Una democracia, dos campos de fuerzas
Despejadas estas interrogantes, el argumento fundamental de por qué una ciudadanía activa es el mejor seguro democrático para un verdadero proceso constituyente, radica en que la voz de las instituciones, así como la voz de la calle son campos en disputa política. Luego, nadie puede estigmatizarlas, despreciarlas o anularlas como medios legítimos de conquista del poder, precisamente porque en ellas se juega la distribución del poder. Quien no tiene representación en las instituciones de la democracia representativa, no tiene decisión sobre el curso futuro de esas instituciones, partiendo por la Constitución. Y, viceversa, quien no tiene presencia en los territorios, en las organizaciones sociales, en los espacios y redes públicas, donde se confrontan las motivaciones de la acción política, no tiene influencia sobre el comportamiento del movimiento social y, en consecuencia, tampoco sobre la legitimación del proceso constituyente.
Es tan ineficiente abandonar la lucha en las instituciones formales para librarla en el campo social, como recogerse de este último para incursionar en la esfera de las asambleas deliberantes. En el actual trance histórico abierto el 18 de octubre del 2019, ambas luchas de reconocimiento son simultáneas y complementarias. Los lobistas de las AFPs, de los patrimonios privados sobre el agua, de las transnacionales mineras, de las corporaciones agroindustriales, de las inmobiliarias, o de las concesionarias, no cesarán de defender y representar sus intereses ante la Convención Constitucional, por otras vías e instrumentos, claro, distintos de la protesta social.
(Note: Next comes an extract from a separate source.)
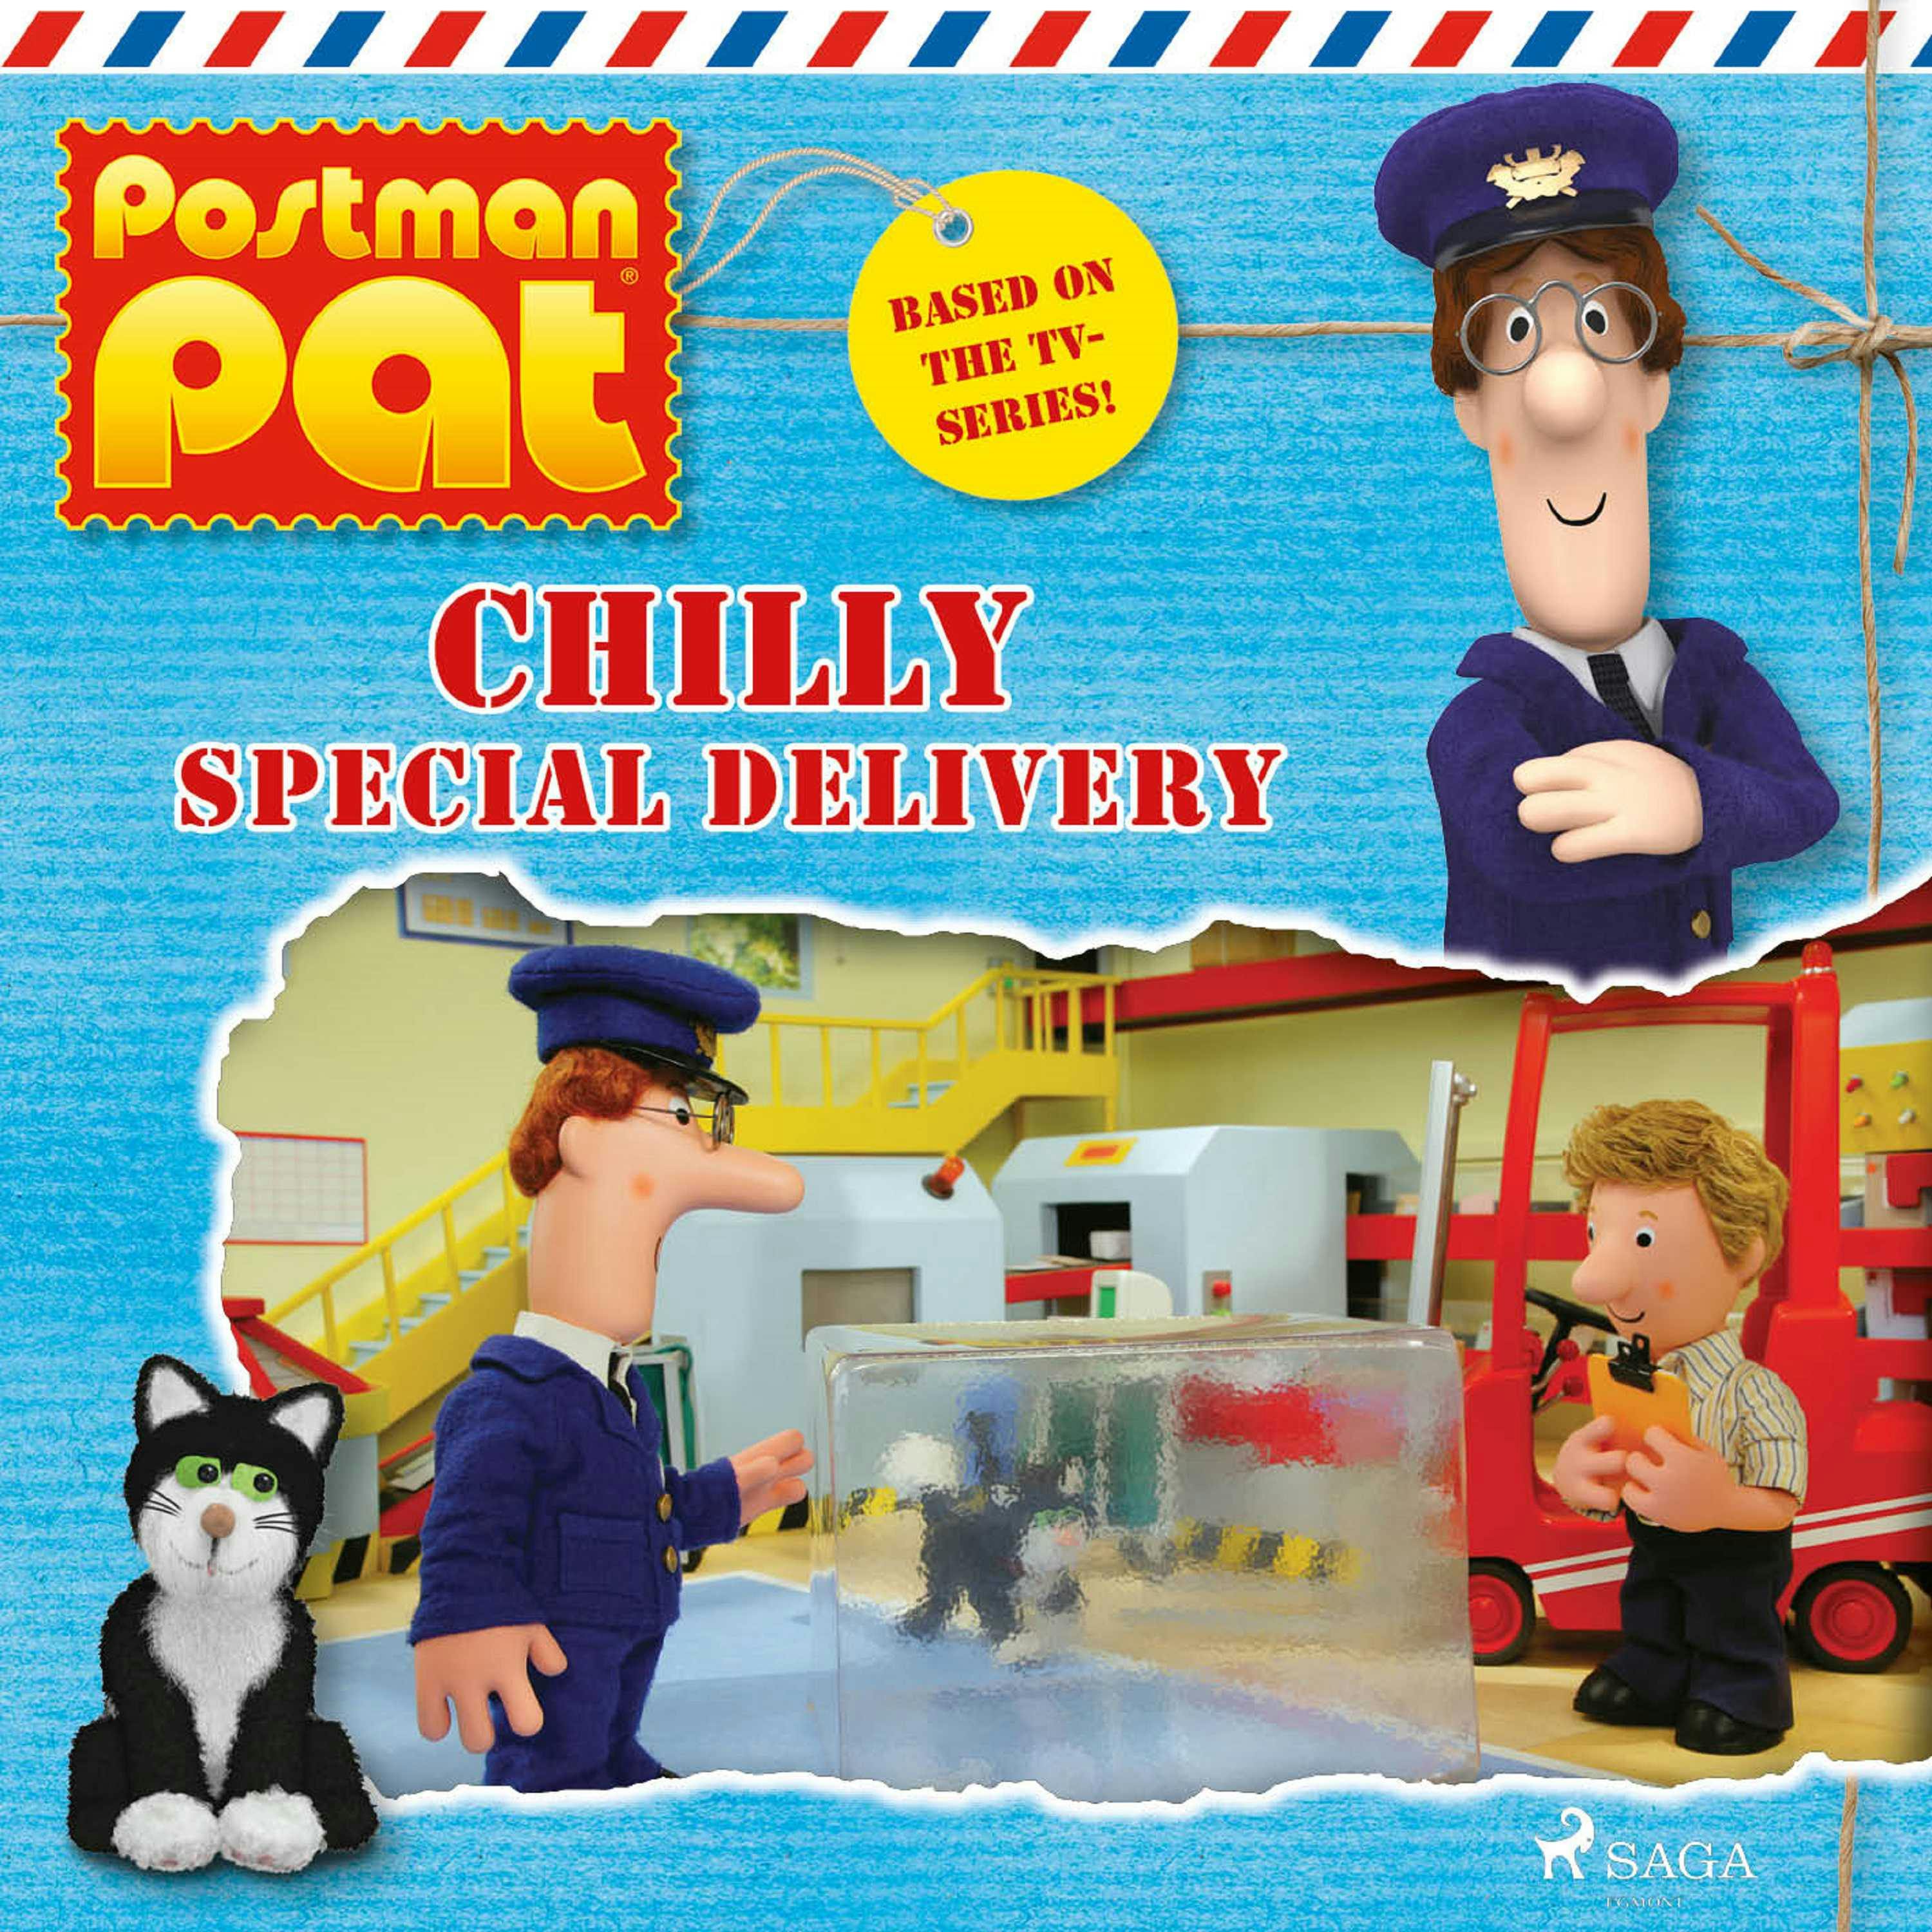 Postman Pat - Chilly Special Delivery - John A. Cunliffe

Es probable que —como ha sido costumbre durante décadas— ya hayan confeccionado la nómina del vicariato a cargo de bregar por la defensa de sus modelos de negocios.
Pero, entonces, ¿por qué habrían de resignar sus luchas los pueblos originarios, las mujeres, los jóvenes, los consumidores, los pensionados, los activistas de derechos humanos? ¿Por qué habrían de renunciar a sus prerrogativas aquellos millones de hombres y mujeres que comprobaron, e incorporaron a la memoria colectiva, que la protesta social pudo descerrajar las trabas constitucionales, generar el acuerdo transversal del 15 de noviembre del 2019 a favor de un nuevo estatuto y, finalmente, dar origen a la mayor movilización electoral de la historia nacional, como fue la del 25 de octubre de este año? ¿Por qué habrían de arrancar de sus recuerdos que el cese de la presión social durante los meses más duros de la pandemia, solo permitió más abusos de la administración, más impunidad policial y más restricción de derechos civiles y políticos?
La única simetría política que permite controlar y poner a raya a la violencia estética de pequeño grupo que instrumentaliza a los movimientos sociales, y la única que permite limitar y someter a protocolo a la violencia policial, es la práctica, funcional y simultánea, de la democracia de las instituciones y la democracia de los territorios, en la original experiencia constituyente que se está desenvolviendo en Chile. Por consiguiente, debería desecharse aquel dualismo según el cual lo que ocurre en las calles y plazas es subversión del orden, como aquello que ocurre en el parlamento y en la convención es política de salón. Deberían ser vistos como campos de fuerza donde se resuelve el diálogo y el conflicto político y social.